- **TASK ITEM**: Go through the data below and copy each line where the word "Blue" occurs.

[DATA TO USE Boundary: Start]

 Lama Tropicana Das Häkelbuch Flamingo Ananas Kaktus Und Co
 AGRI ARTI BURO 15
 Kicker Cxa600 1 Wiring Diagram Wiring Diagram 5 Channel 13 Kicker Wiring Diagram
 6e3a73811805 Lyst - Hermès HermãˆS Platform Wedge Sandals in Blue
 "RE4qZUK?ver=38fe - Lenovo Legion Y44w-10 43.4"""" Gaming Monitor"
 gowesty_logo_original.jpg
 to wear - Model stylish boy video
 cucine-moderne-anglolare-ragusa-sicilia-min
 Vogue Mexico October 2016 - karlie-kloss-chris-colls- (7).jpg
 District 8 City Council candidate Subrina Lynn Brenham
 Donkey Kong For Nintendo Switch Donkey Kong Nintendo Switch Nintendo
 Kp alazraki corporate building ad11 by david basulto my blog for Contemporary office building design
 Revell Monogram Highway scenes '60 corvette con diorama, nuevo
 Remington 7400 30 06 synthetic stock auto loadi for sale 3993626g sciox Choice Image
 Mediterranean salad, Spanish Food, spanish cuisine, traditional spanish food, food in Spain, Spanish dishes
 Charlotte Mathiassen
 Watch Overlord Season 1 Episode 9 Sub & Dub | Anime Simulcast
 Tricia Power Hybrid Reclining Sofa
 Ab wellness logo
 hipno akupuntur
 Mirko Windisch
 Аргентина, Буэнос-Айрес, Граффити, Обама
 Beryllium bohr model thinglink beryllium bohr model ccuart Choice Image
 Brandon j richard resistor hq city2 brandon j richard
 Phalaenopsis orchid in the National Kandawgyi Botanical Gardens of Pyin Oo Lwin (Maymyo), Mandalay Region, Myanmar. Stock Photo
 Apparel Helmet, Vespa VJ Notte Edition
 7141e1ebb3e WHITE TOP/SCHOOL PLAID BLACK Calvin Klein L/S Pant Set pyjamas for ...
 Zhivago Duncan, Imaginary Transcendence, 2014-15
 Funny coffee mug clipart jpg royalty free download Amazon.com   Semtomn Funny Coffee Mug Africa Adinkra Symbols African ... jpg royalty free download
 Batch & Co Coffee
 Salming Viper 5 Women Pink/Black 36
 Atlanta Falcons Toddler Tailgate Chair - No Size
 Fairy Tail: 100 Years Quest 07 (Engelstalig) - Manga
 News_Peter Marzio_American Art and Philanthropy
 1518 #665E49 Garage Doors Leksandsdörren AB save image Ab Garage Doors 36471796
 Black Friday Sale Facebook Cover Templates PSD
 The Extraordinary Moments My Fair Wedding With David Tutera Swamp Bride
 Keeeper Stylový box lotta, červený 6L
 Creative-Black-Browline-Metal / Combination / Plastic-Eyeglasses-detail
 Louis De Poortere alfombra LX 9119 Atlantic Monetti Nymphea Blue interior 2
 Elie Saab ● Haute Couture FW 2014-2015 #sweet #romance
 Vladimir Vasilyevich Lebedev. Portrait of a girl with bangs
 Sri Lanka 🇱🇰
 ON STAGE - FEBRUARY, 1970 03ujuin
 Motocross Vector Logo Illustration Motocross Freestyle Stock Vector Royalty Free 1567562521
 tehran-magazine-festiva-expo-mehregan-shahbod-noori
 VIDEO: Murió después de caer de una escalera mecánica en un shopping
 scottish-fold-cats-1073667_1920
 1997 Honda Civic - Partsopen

[DATA TO USE Boundary: End]

- **WRITTEN RESPONSE**:
 6e3a73811805 Lyst - Hermès HermãˆS Platform Wedge Sandals in Blue
 Louis De Poortere alfombra LX 9119 Atlantic Monetti Nymphea Blue interior 2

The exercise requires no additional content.